By November 16, 2021November 26th, 2021Selling A Practice

I’m not trying to convince you of anything. I’m just an observer. And my observations are telling me this:

If You Were Thinking About Selling, You Better Do It Now.

Why? Here are my Top 10 Reasons:

1. Interest Rates Are Likely Going Up in 2022

A few weeks ago, the Bank of Canada did four (4) things: it noted that (1) inflation is ticking up, (2) that’s it’s leaving the historically low overnight interest rate alone (0.25%) and (3) that it was scaling back on buying government bonds (which was helping to keep inflation in check). What’s the fourth (4th) thing? It signalled that it could start to raise interest rates in the second half of 2022.

What does that have to do with you and your practice’s worth? Well, when interest rates are up, that means buyers are paying more to the bank to borrow money. Banks are giving 100% financing to buyers, amortized over 12 years nowadays. Higher interest rates mean less money for the buyer to take home. That means that the practice they’re buying isn’t going to be worth as much because of the increased costs of borrowing. When interest rates are high, the value of money goes up (there’s less money circulating in the market) and the cost of things goes down. You get the idea.

2. The Inclusion Rate of the Lifetime Capital Gains Exemption May Go Up in 2022 or after

Right now, if you’re selling shares of your dentistry professional corporation, you may trigger capital gains (you may not trigger capital gains if you qualify for the lifetime capital gains exemption, but that’s an article for another time). Right now, the way that the capital gains are calculated is that you pay your personal marginal tax rate on 50% of the gain on your shares. So if you originally bought your shares for $1 each from your company when you first created it and now you’re selling those same shares for exactly $1,000,001 to a buyer, you’ve now got a $1-million capital gain, 50% of which (i.e. $500k) is taxable at your full marginal tax rate (which could be as high as 53%, mind you). This would result in a particular tax bill of $265k in taxable capital gains if you were at the top marginal tax rate for the year (again, this assumes you’re not using your lifetime capital gains exemption).

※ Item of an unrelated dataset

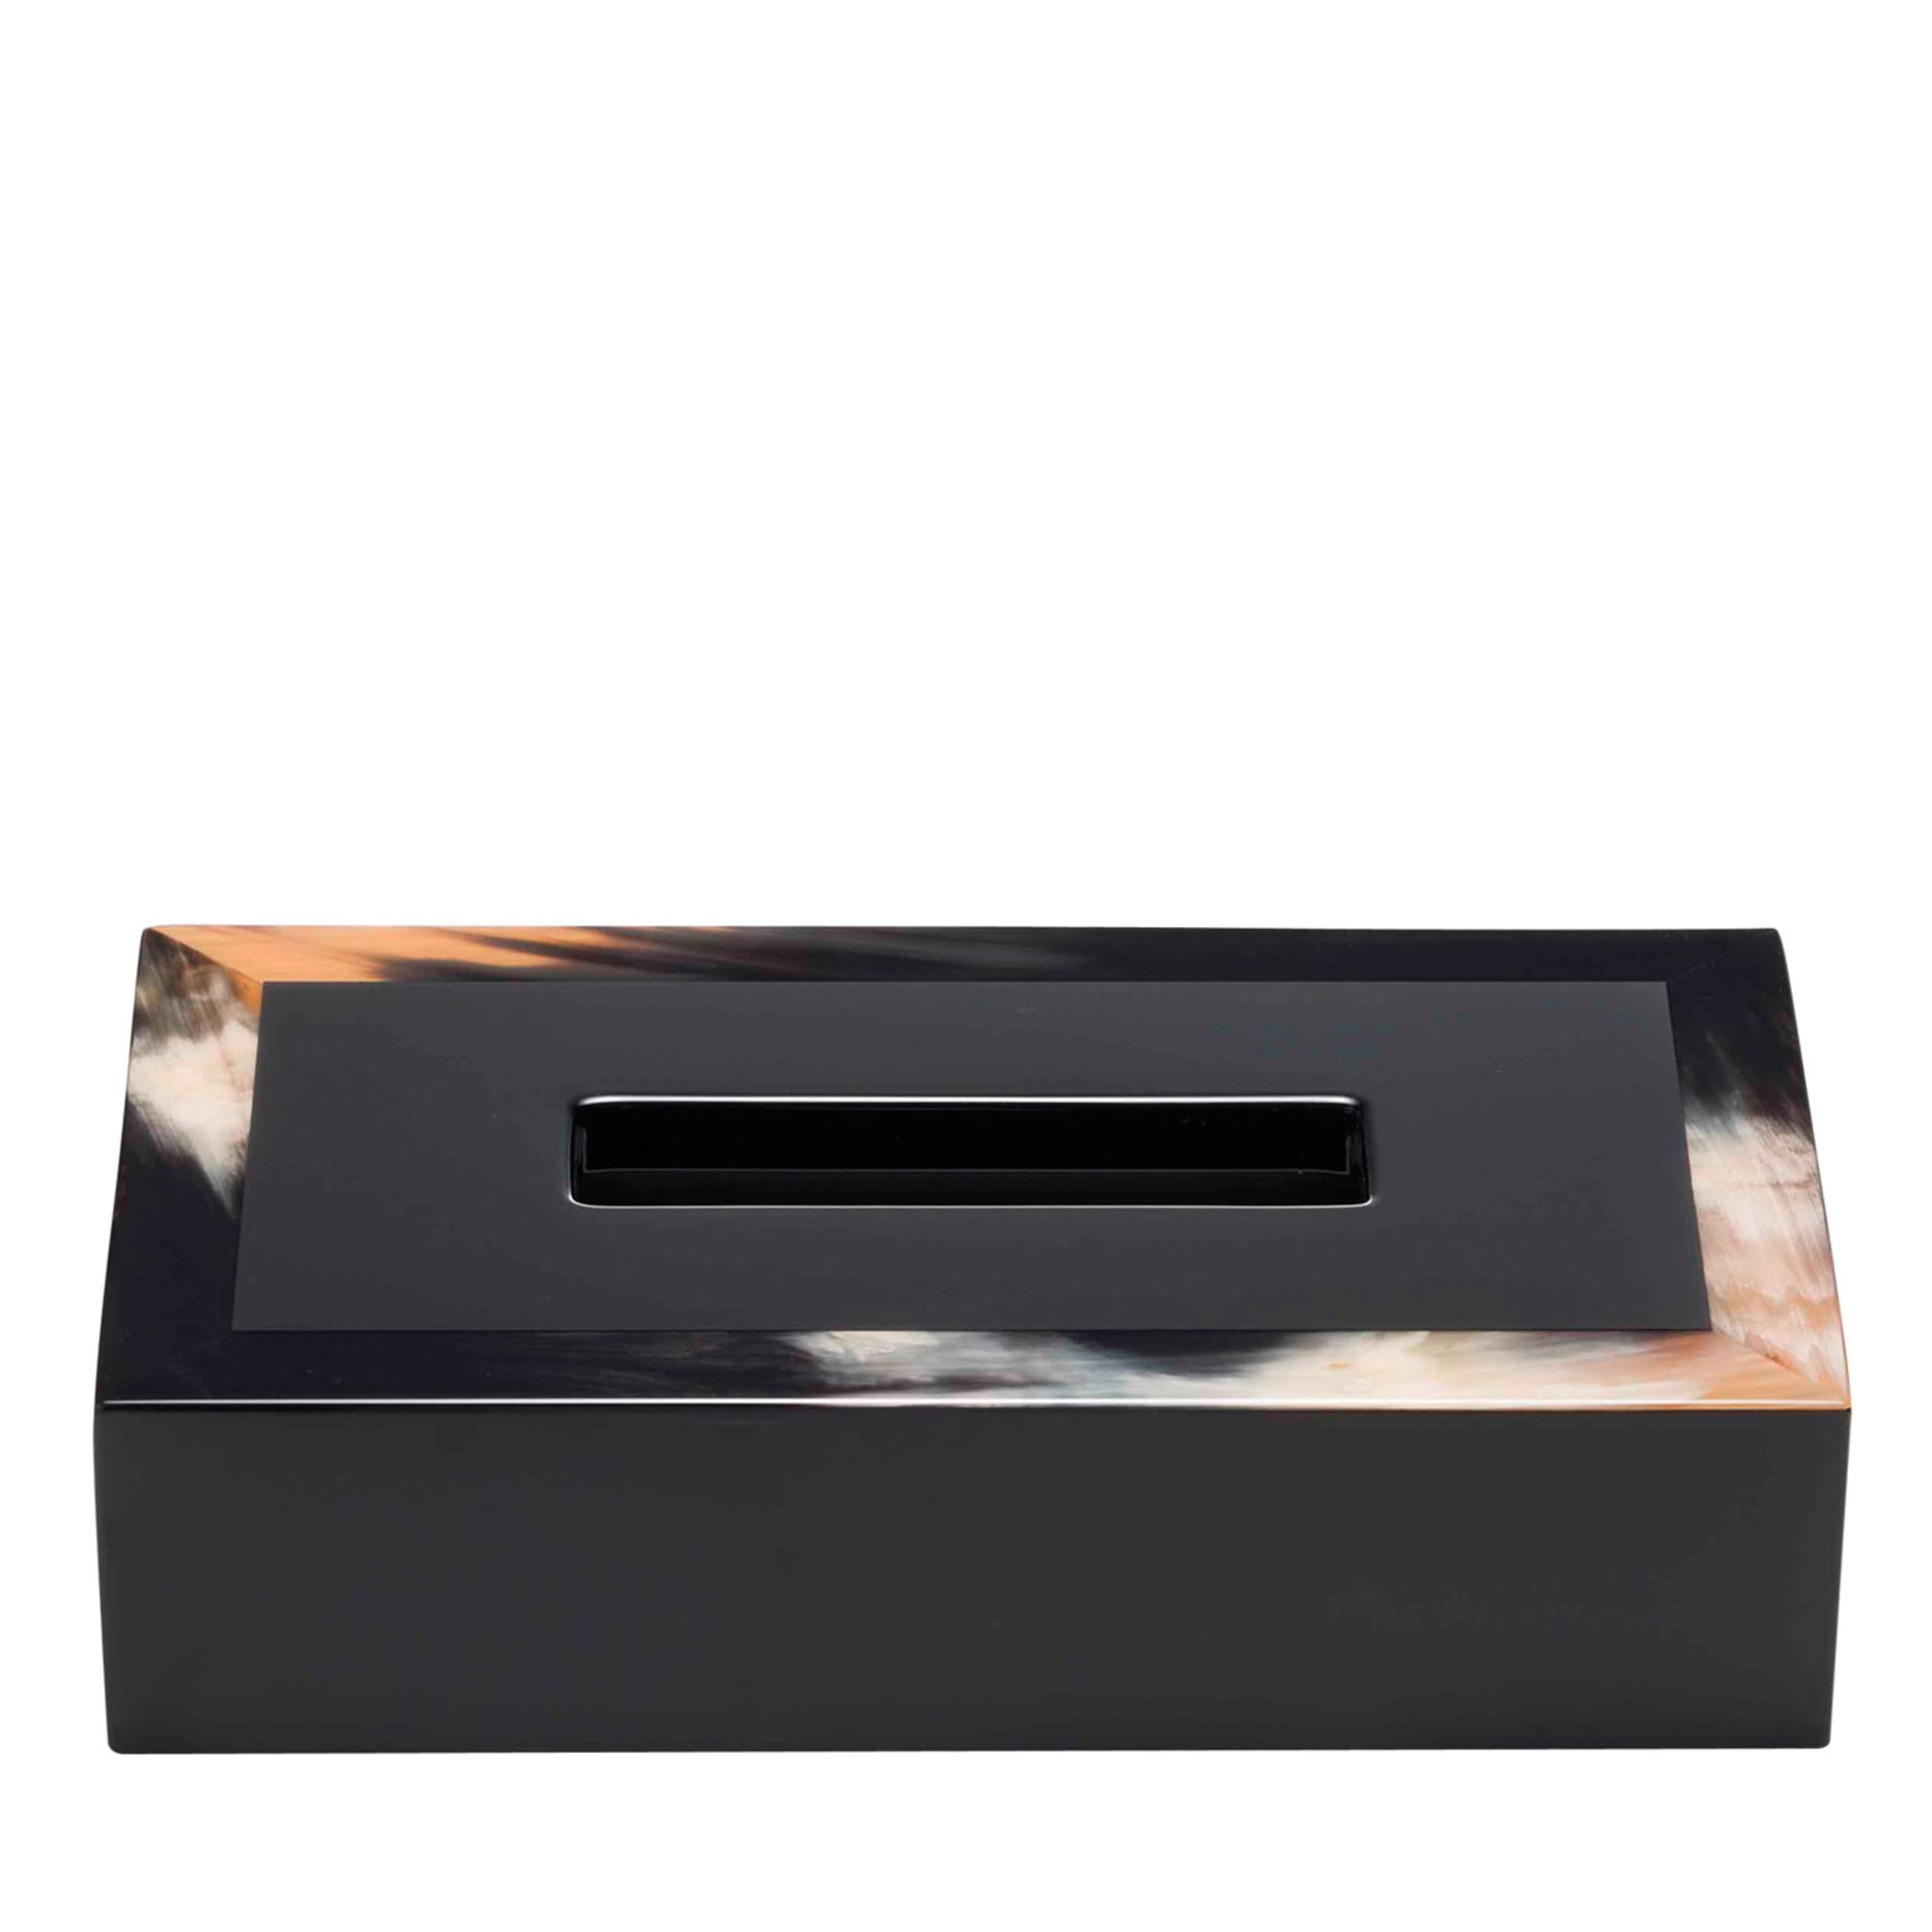 Black Tissue Box Holder - Main view

Now, importantly, if the inclusion rate goes from 50% to 75%, that means you’re paying your full marginal tax rate on $750k, not $500k, in our example above. Thus, in our example above, your new tax bill could be $132k MORE (0.75% of $750k gain, taxed at 53%, results in taxable capital gains of $397,500, which is $132k MORE than $265k). You get the idea…

Now, it’s only a RUMOUR at this point that’s the inclusion rate could go up from 50% to 75%. But there are a few things to consider here.

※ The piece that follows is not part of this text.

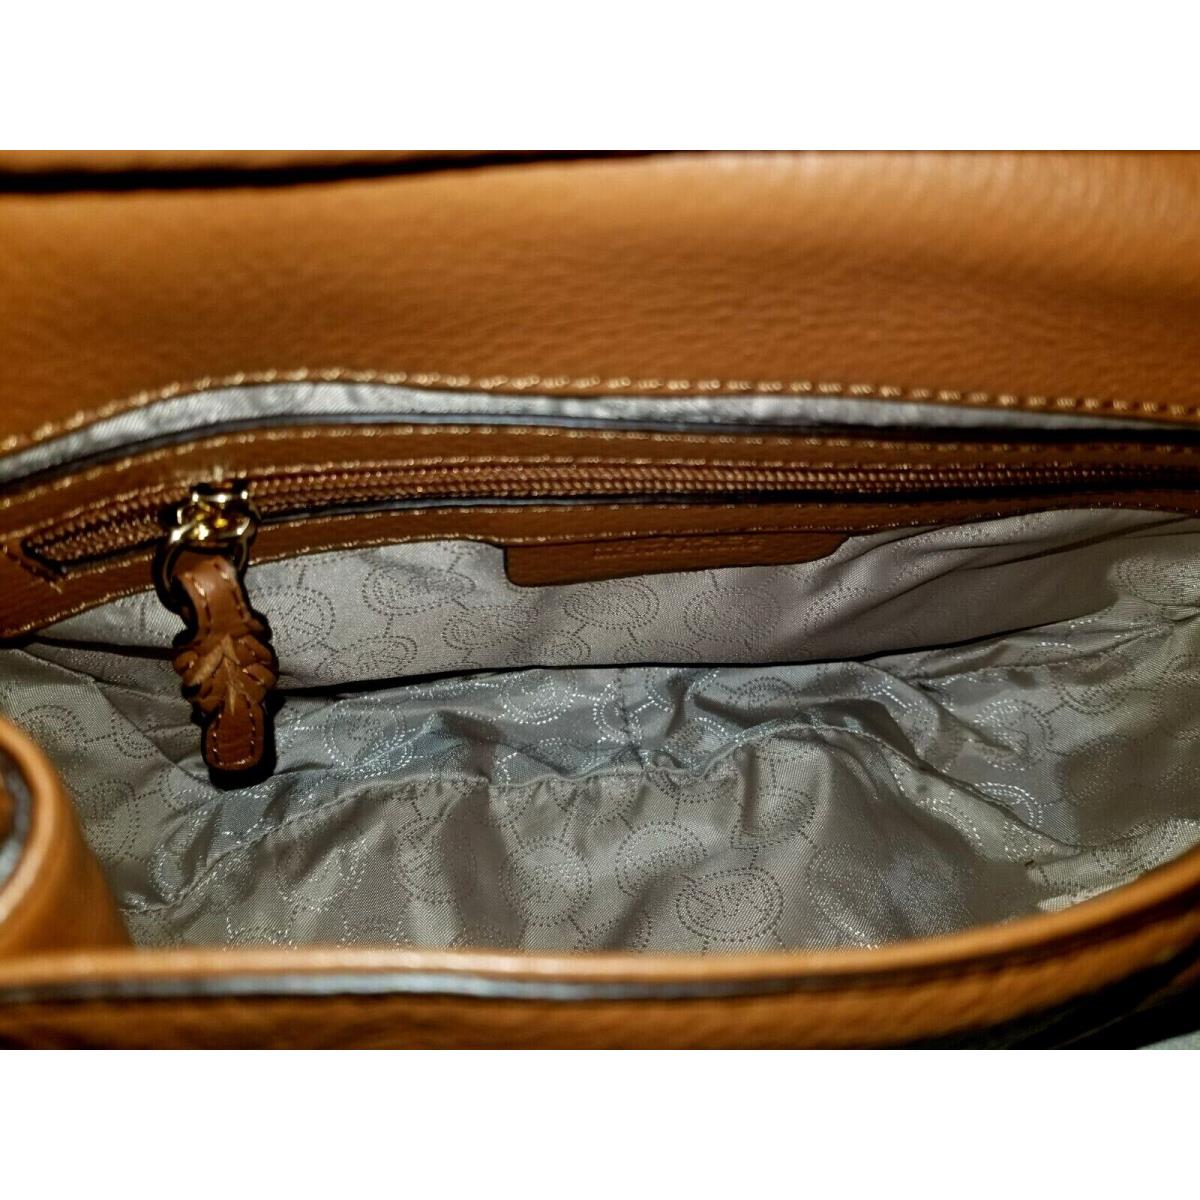 Michael Kors  bag  BENNET - Orange Handle/Strap, Gold Hardware, Beige Lining 10

First, this rumour has been happening for years. Second, the NDP has made it their position that they want this to happen (and the Liberals may need to cave and agree to it in order to do things like pass the budget next year with their help). Third, there’s a view that the Liberal government can unilaterally change the rate and make it apply starting Jan 1, 2022. Fourth, when the Liberal government changed the Tax on Split Income Rules in 2018 (which effectively put an end to income splitting with family members through dividends), they targeted professionals like dentists and doctors to raise more taxes and didn’t seem to care about the political fallout (those professionals make too much money anyway, right?); so if the Liberals have already gone after professionals before, they’ll have no problem going after them again to fill their coffers, right?

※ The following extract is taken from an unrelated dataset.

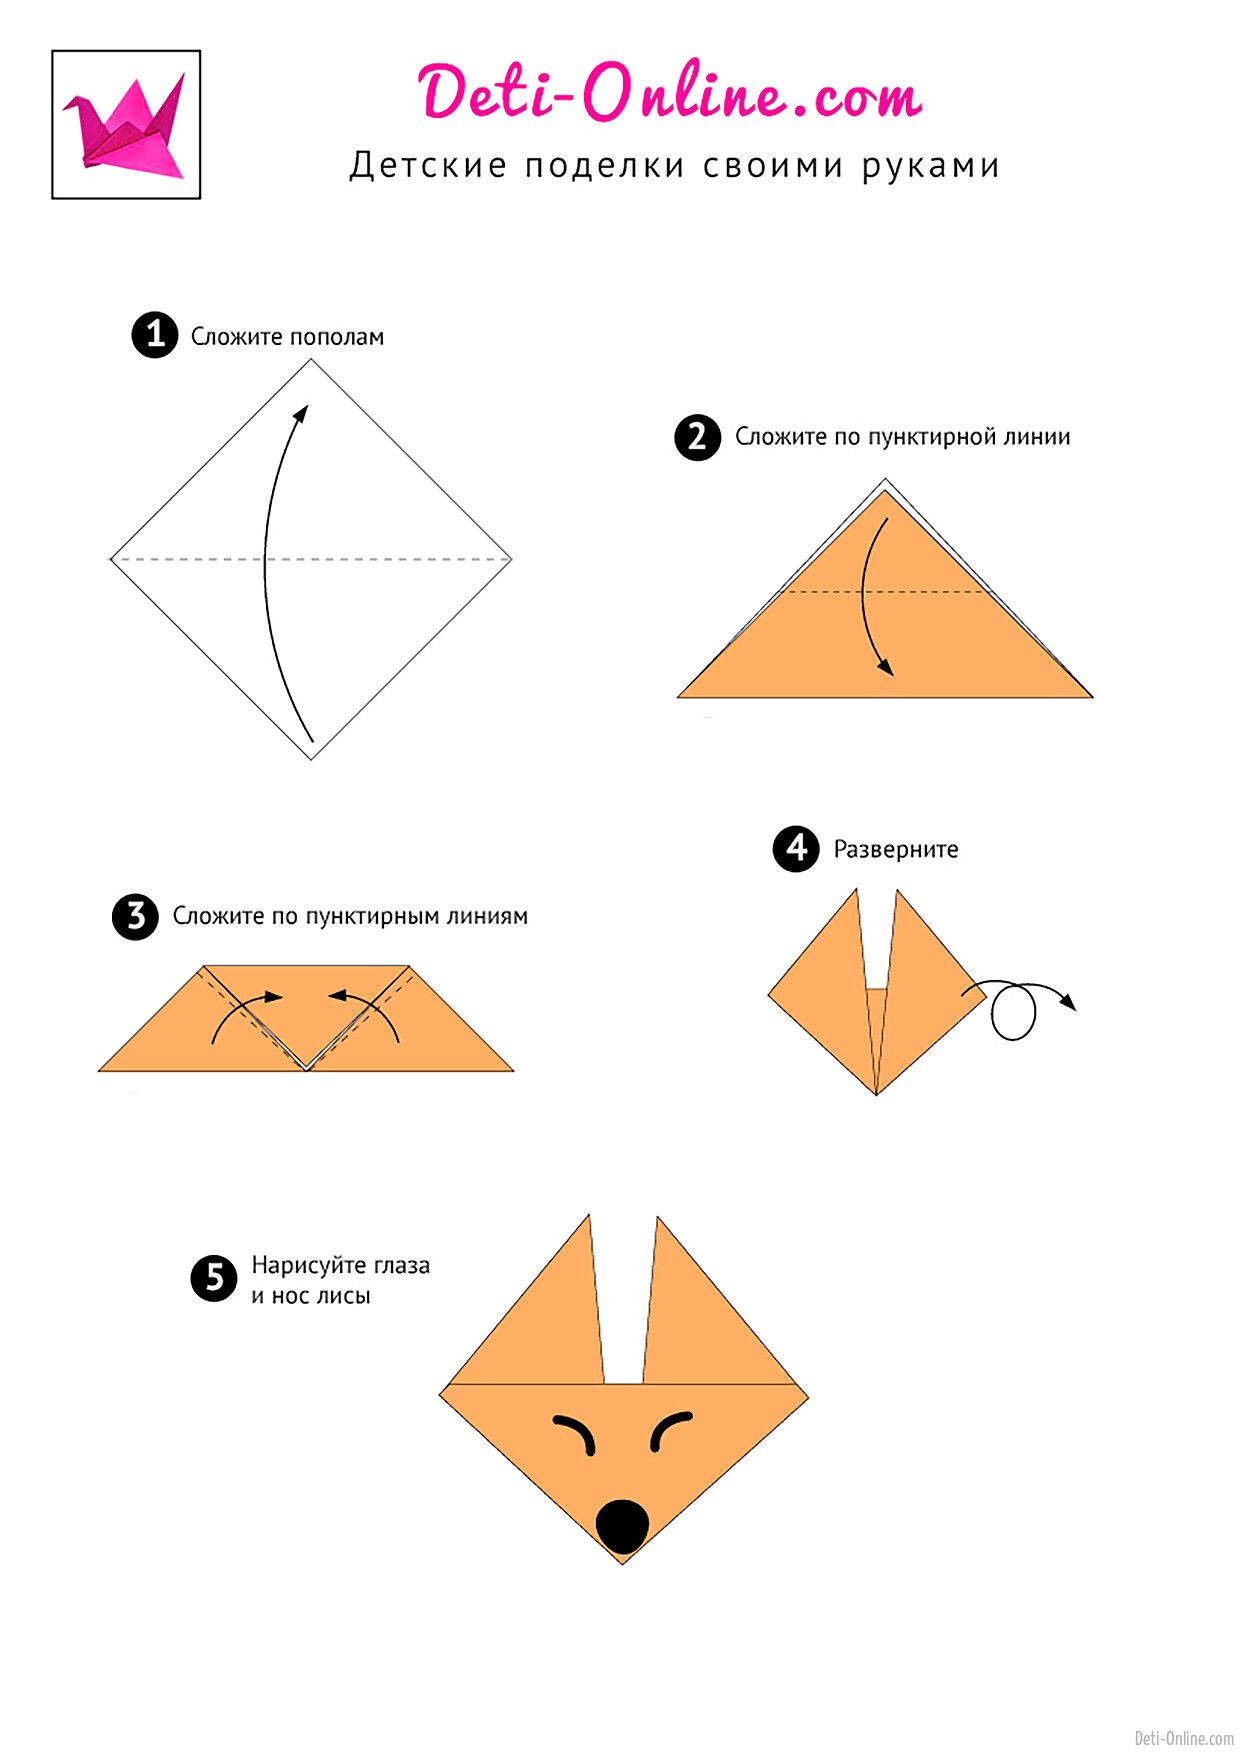 9 Идей простых поделок из бумаги своими руками Diy оригами поделки Канцелярия и лайфхаки для школы

Fifth, right now there’s a clear disconnect between taxes someone pays on salary (which can go as high as 53%), dividends (which can be taxed between 39% and 47%), and capital gains (which are effectively taxed at around 26%); so to be fair and try to level the playing field (a common theme of the Income Tax Act and tax policy), it would make absolute sense for the federal government to target capital gains to get them taxed at around the same as salary or dividends.

Finally, let’s not forget the elephant in the room: because of COVID-19 and all the government spending (CERB, CEWS, CEBA, CECRA, etc.), the government needs to raise money. And targeting those who are cashing out on their business makes sense, right?

Even if the federal government leaves the inclusion rate alone for 2022, who’s to say that it will leave it alone in 2023 or 2024? Do you really want to wait to find out and possibly pay more tax if they DO change it?

3. Practice Values Are Back Up

This is a good thing, to counter all the bad news. During COVID-19 (March to September 2020), practice values went down to new lows before bouncing back. Fast forward to now (nearing the end of 2021): practice values are back up to pre-covid-19 levels. So if you do decide to sell now (and keep in mind that it typically takes 3-6 months to sell from the time you say ‘go’), you’re looking at a positive selling environment for now.

4. Higher Rents

Buyers need at least 10 or 12 years of non-use of a demo clause in order to get bank financing. Otherwise, there are risks. And with risks comes either a renegotiation of the purchase price (lower) or better terms for the buyer. Landlords today – especially with the beating that they took during COVID-19 – are now looking for new revenue streams. We’ve noticed that, when it comes to negotiating with big landlords that own attractive spaces, they are stubbornly asking for higher than normal rental rates. This translates into less cash for the tenant and a future buyer (hence, lower appraisal and purchase price).

5. Demo Clauses

The worst part is that landlords everywhere are putting in demolition clauses on renewals or new leases so that they have the freedom to tear down the building and put up condo units (or sell to a property developer who will do exactly that). A demo clause interferes with the buyer’s 10 or 12-year financing amortization schedule with the bank (it creates risk). And that risk translates into buyers either being unwilling to buy or asking for large concessions, like a big price reduction.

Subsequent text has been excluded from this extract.